Let $g(x) = \sum_{n = 1}^{\infty} \dfrac{x^n}{n}$ on $(0 \leq x < 1)$

$\implies \dfrac{d}{dx}(g(x)) = \sum_{n = 1}^{\infty} x^{n - 1} = \dfrac{1}{1 - x} \implies g(x) = \int_{0}^{x} \dfrac{1}{1 - x} dx = \ln(\dfrac{1}{1 - x})$ .

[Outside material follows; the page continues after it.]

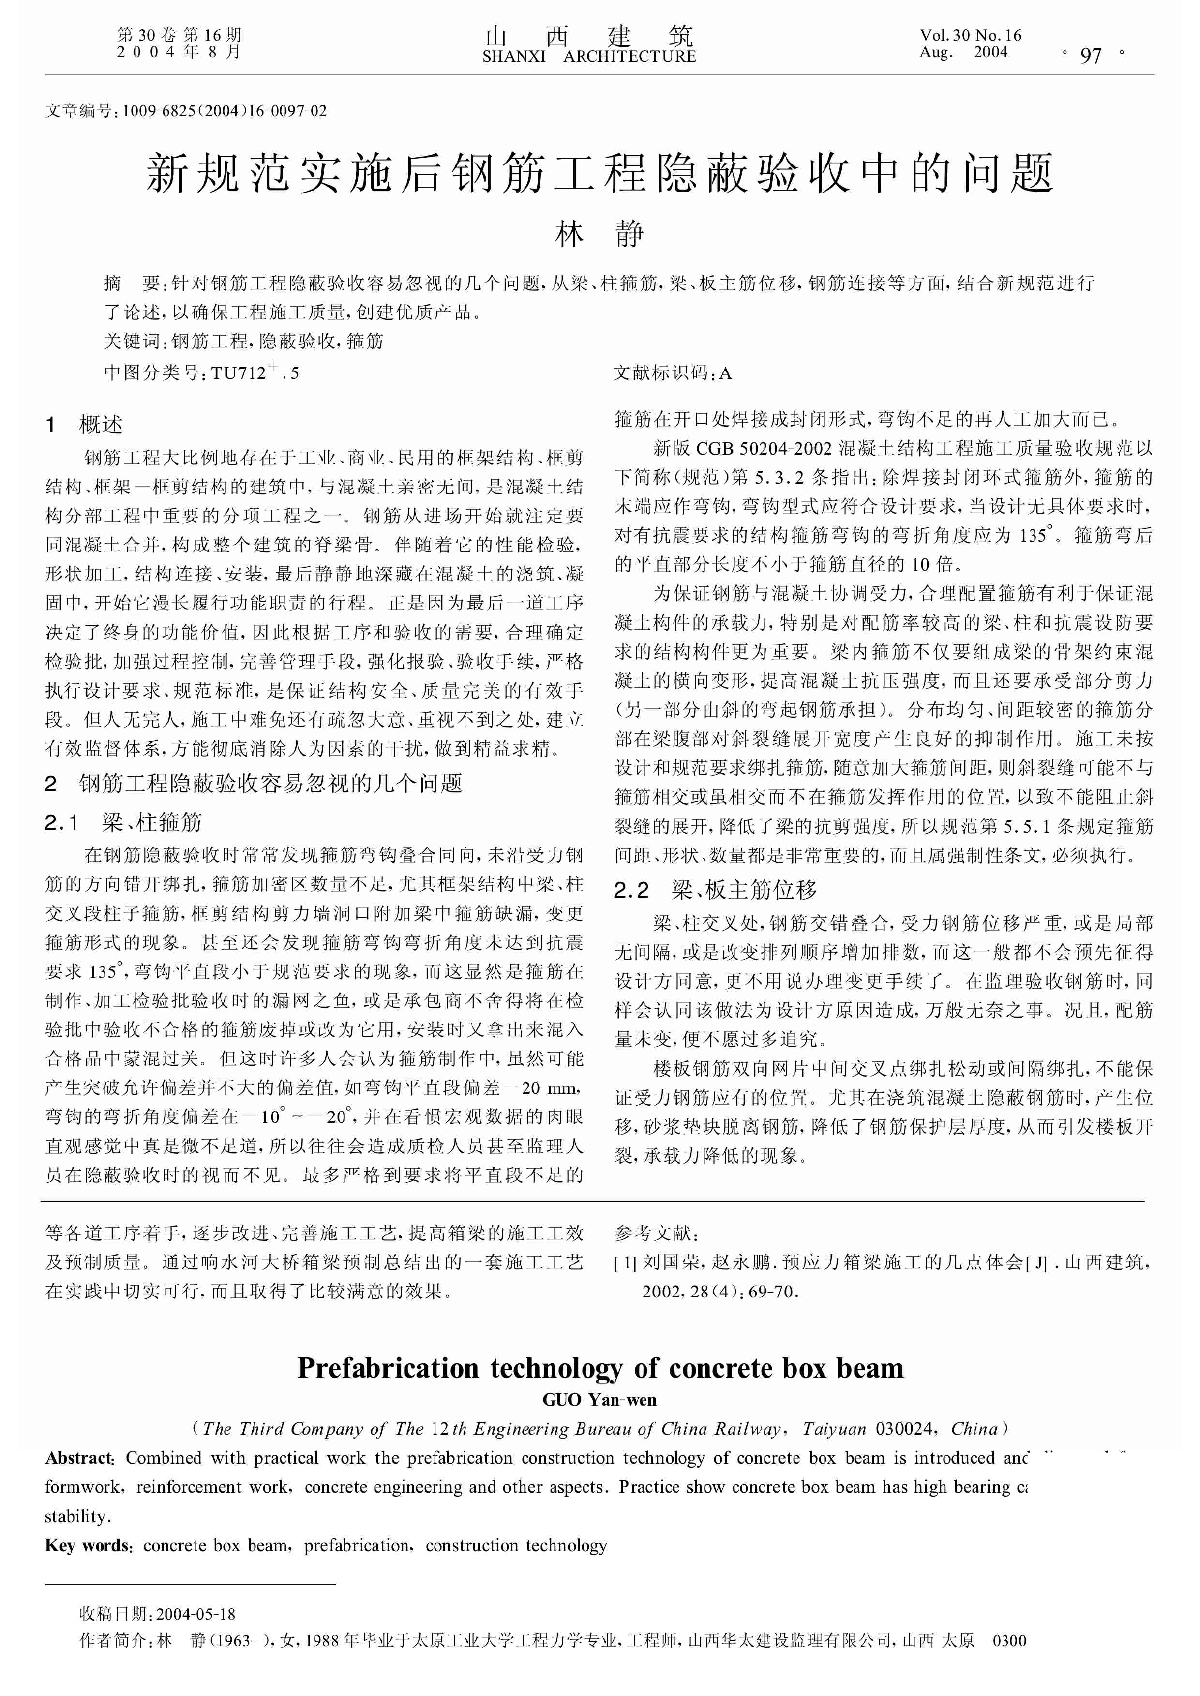 新规范实施后钢筋工程隐蔽验收中的问题_林静.pdf

For $\int_{0}^{\frac{1}{2}} \ln(\dfrac{1}{1 - x}) dx$

Let $u = \ln(\dfrac{1}{1 - x}) \implies du = \dfrac{dx}{1 - x}$ and $dv = dx \implies v = x \implies$

$\int_{0}^{\frac{1}{2}} \ln(\dfrac{1}{1 - x}) dx = (x\ln(\dfrac{1}{1 - x}) + \ln(1 - x) + x)|_{0}^{\frac{1}{2}} = \dfrac{1}{2}(1 - \ln(2)).$

Let $(0 \leq x < 1)$ .

$\sum_{n = 1}^{\infty} n x^n = \sum_{j = 1}^{\infty} \sum_{n = j}^{\infty} x^n = \dfrac{1}{1 - x}\sum_{j = 1}^{\infty} x^{j} = \dfrac{1}{1 - x}(x)\dfrac{1}{1 - x} = \dfrac{x}{(1 - x)^2} = f(x)$

Let $u = 1 - x \implies du = -dx \implies \int_{0}^{\frac{1}{2}} \dfrac{x}{(1 - x)^2} dx = \int_{1}^{\frac{1}{2}} \dfrac{1}{u} - \dfrac{1}{u^2} du = (\ln(u) + \dfrac{1}{u})|_{1}^{\frac{1}{2}} = \ln(\dfrac{1}{2}) + 1$ .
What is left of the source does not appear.